Further, some of these lncRNAs induced by DNA virus would be recognized by RNA sensors to regulate innate antiviral response, implying the role of lncRNAs and RBPs in the crosstalk between DNA- and RNA-mediated innate antiviral response. Moreover, the lncRNAs induced by viral infection would be hijacked by the virus to escape host antiviral immune response, as a non-coding gene would work more efficiently than a coding-gene due to the lack of translation process. Indeed, the definition of one RBP should not be strictly defined by the classical RBDs as the mounting unconventional RBDs have been reported 16, 18, 19. From this perspective, the RNA that binds to the crucial factors in innate antiviral signaling may also participate in the regulation of innate antiviral response. Therefore, it would be significant for obtaining the lncRNA interactors of crucial components of type I IFNs signaling, although these factors were not typical RBPs. Indeed, prior large-scale RBP ChIP-seq analysis revealed widespread RBP presence in active chromatin regions in the human genome 174, implicating the importance of RBPs in the regulation of gene expression.
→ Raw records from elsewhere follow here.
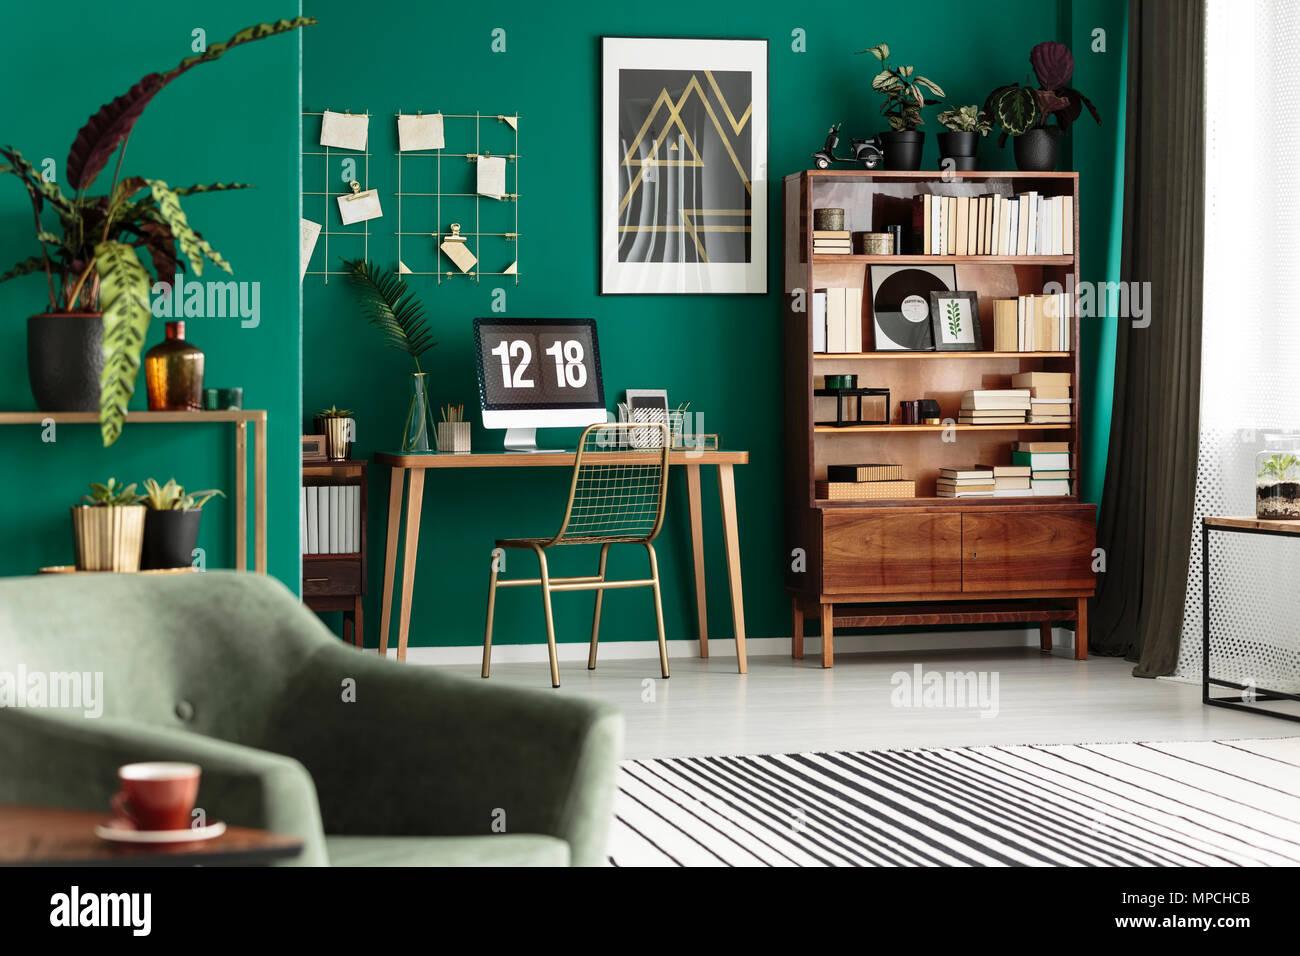 Président de l'or au bureau avec ordinateur de bureau en vert, appartement confortable avec intérieur poster Photo Stock
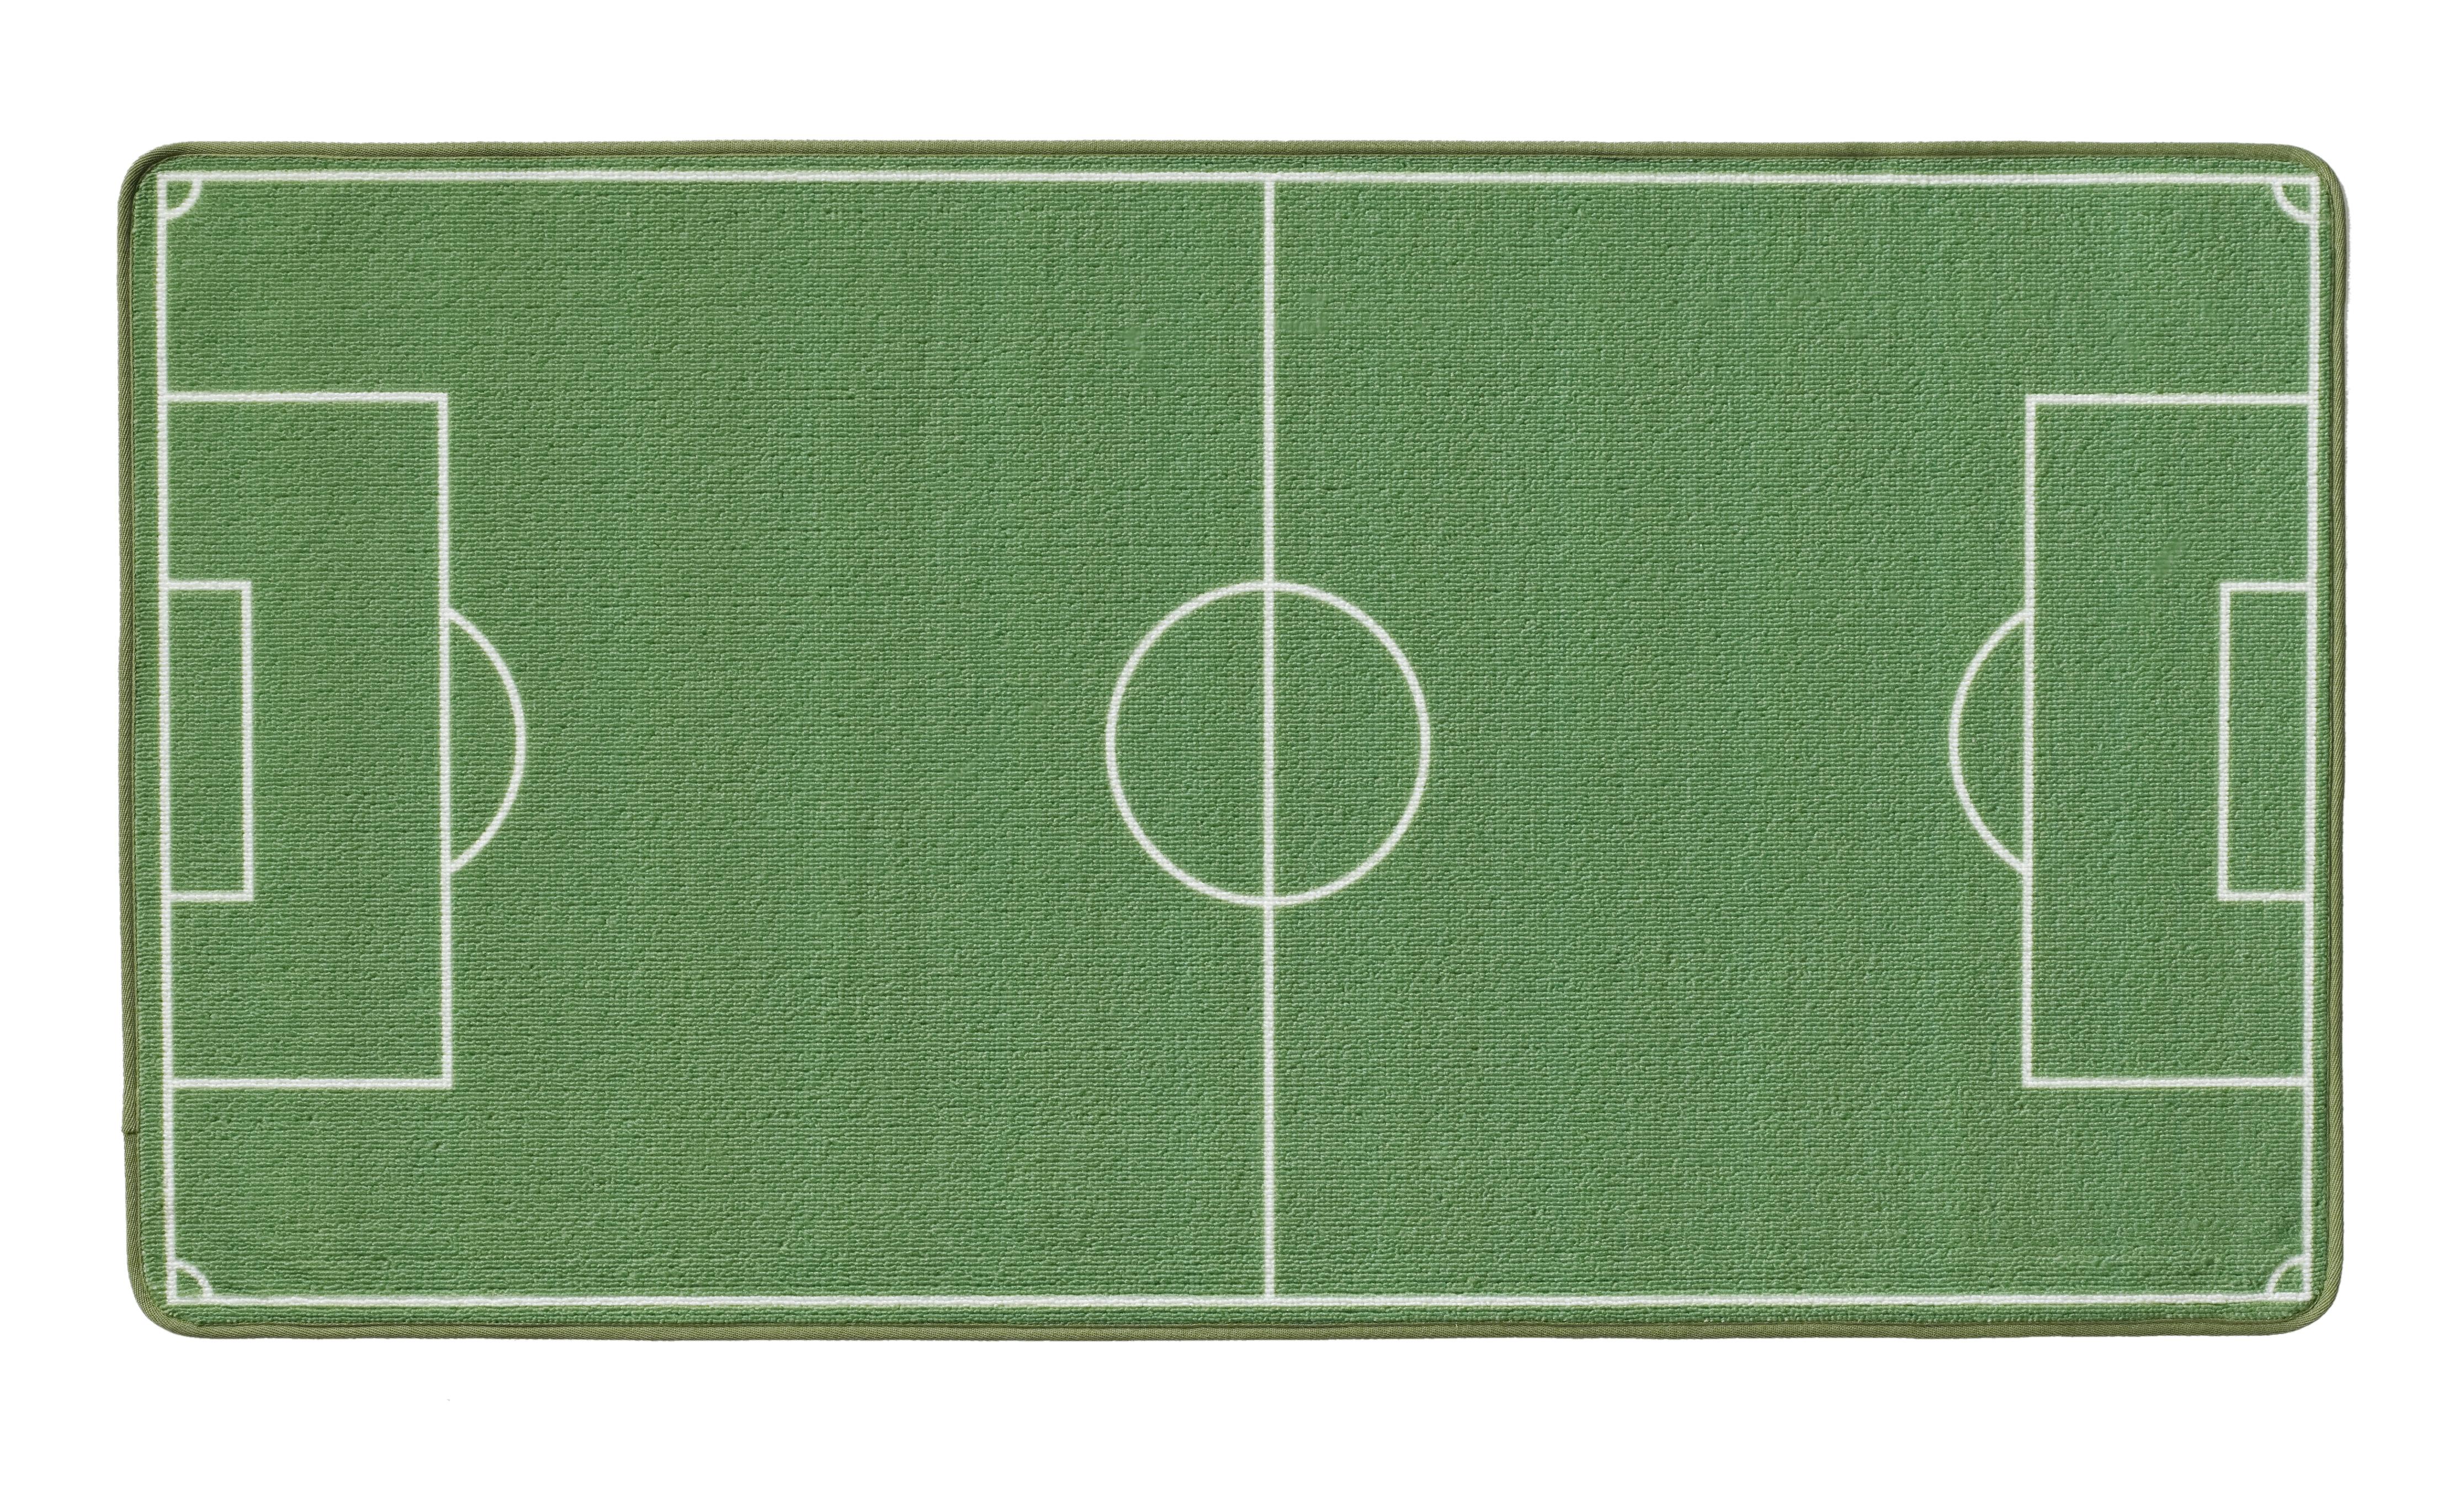 Campo da calcio tappeto bambini giocano tappeto verde - Tappeto riscaldamento pavimento ...
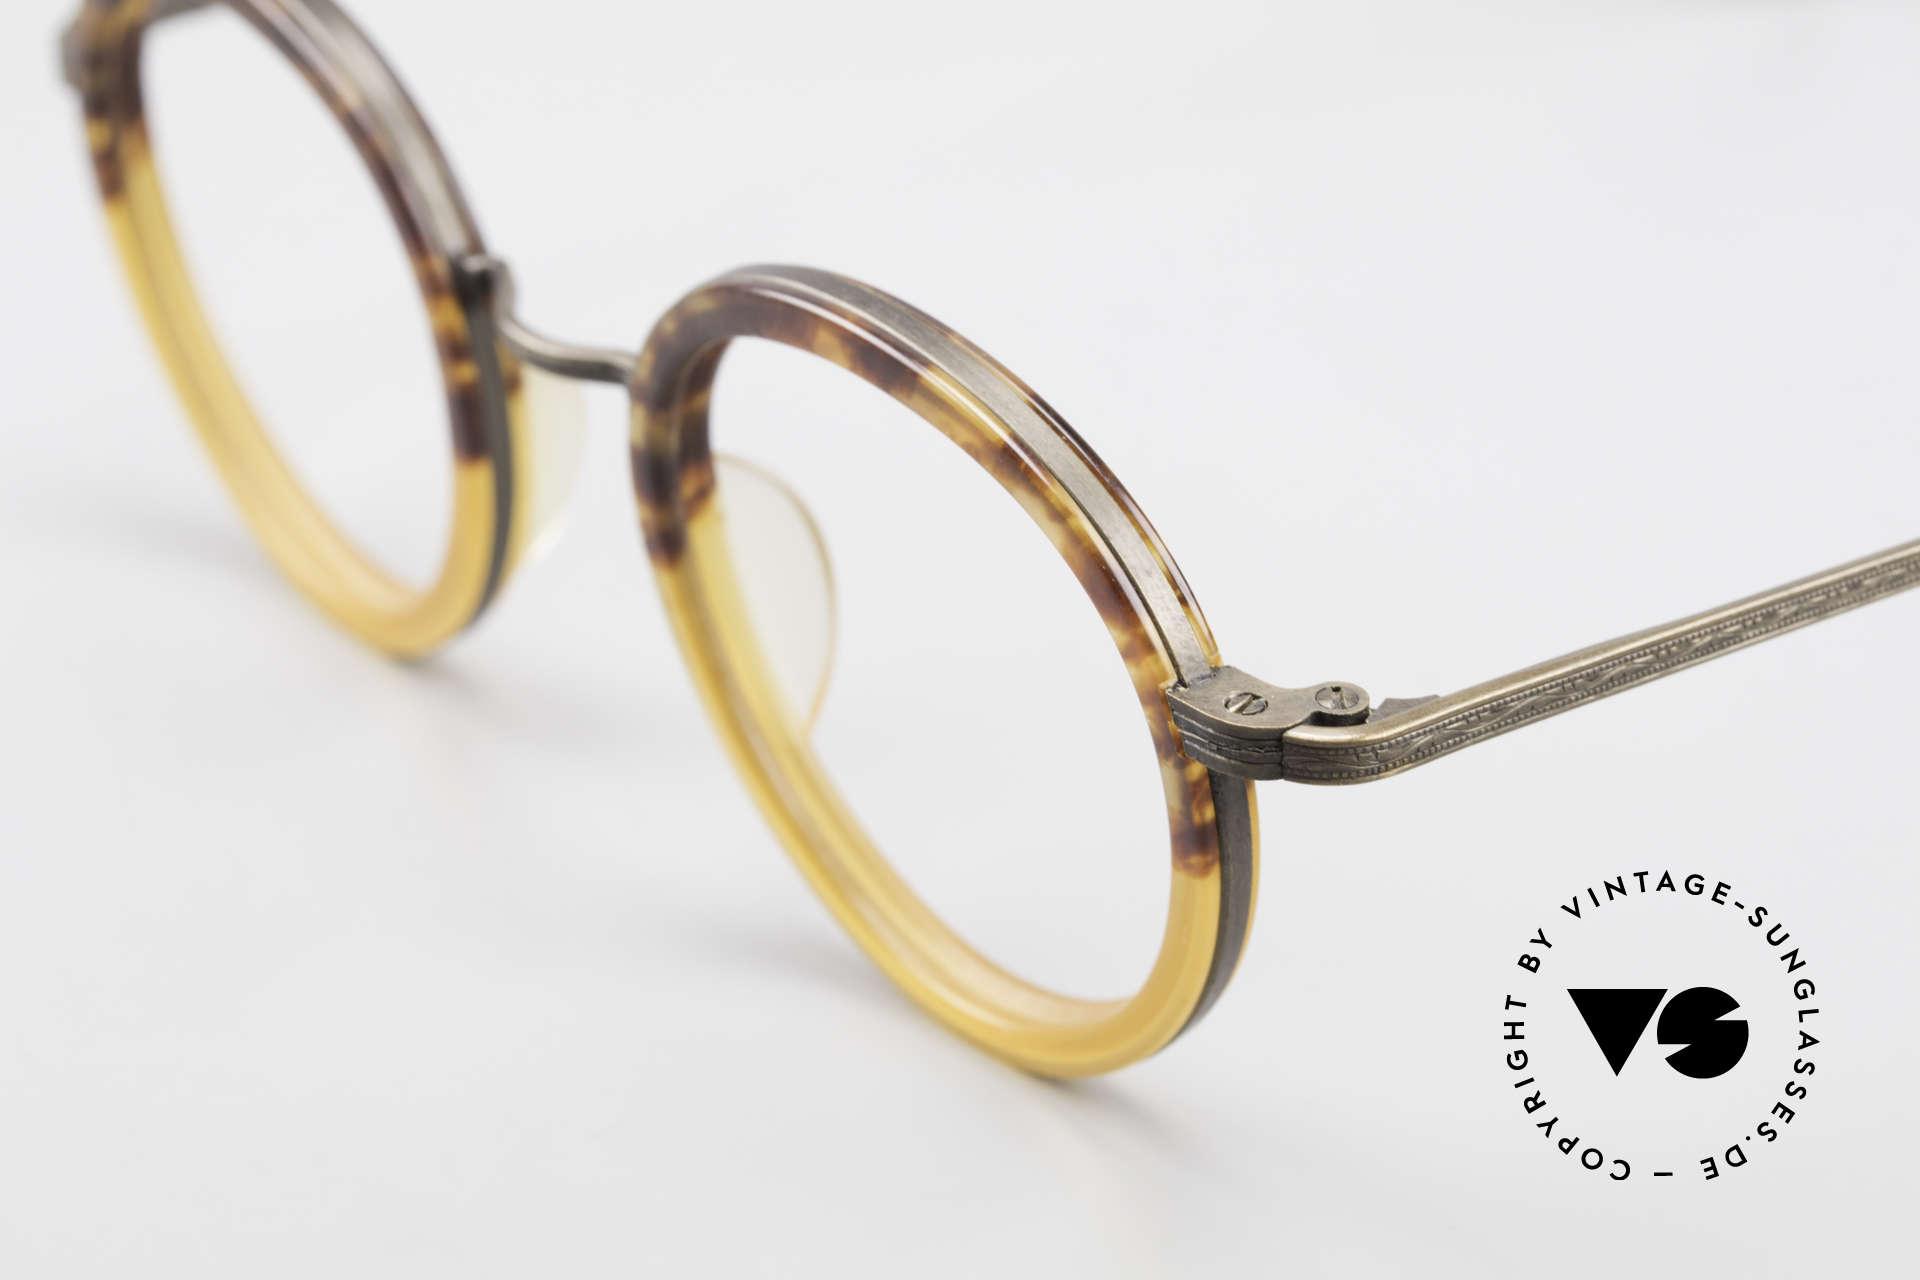 Beau Monde Rhodes Runde Alte Vintage Brille 90er, Fertigung mit den gleichen Werkzeugen wie bei Matsuda, Passend für Herren und Damen
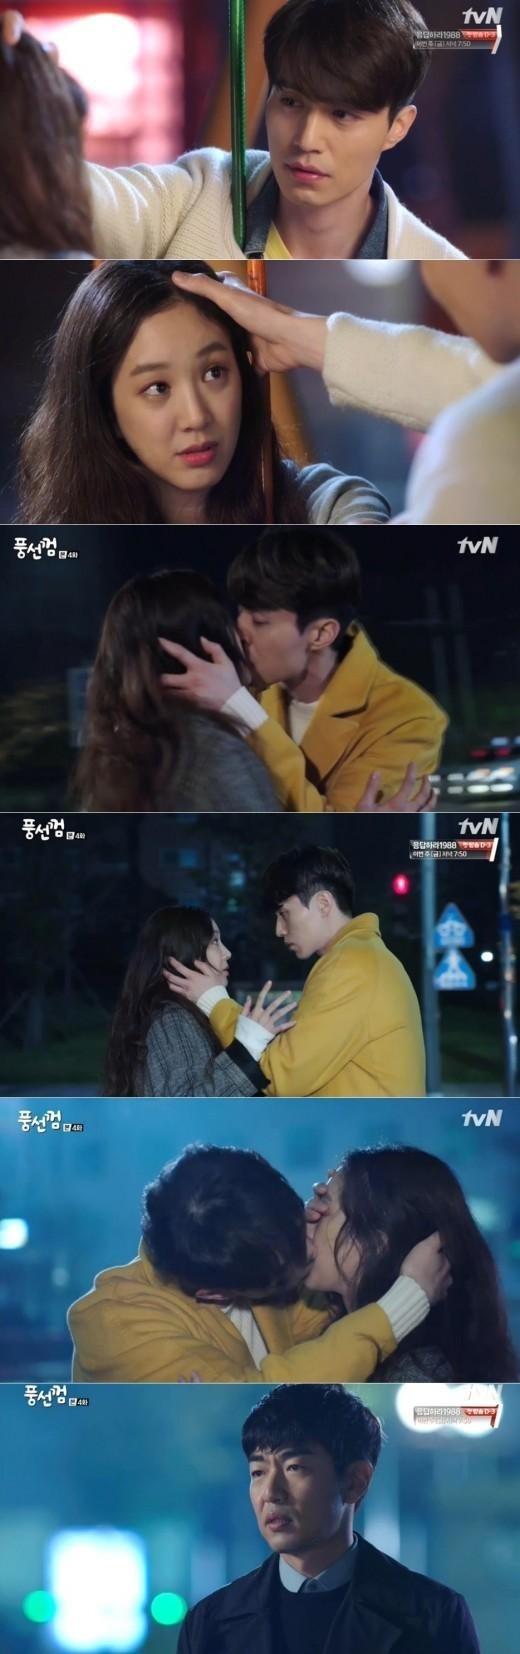 「風船ガム」イ・ドンウク&チョン・リョウォンのキス、友情の果てに恋が始まる?

Based on such a perspective, the DNA-binding proteins may also function as RBP by binding specific RNA, which needs to be explored in further research.

Table 1

Roles of lncRNAs in innate antiviral response and the underlying mechanisms (ranked by the mechanisms of actions)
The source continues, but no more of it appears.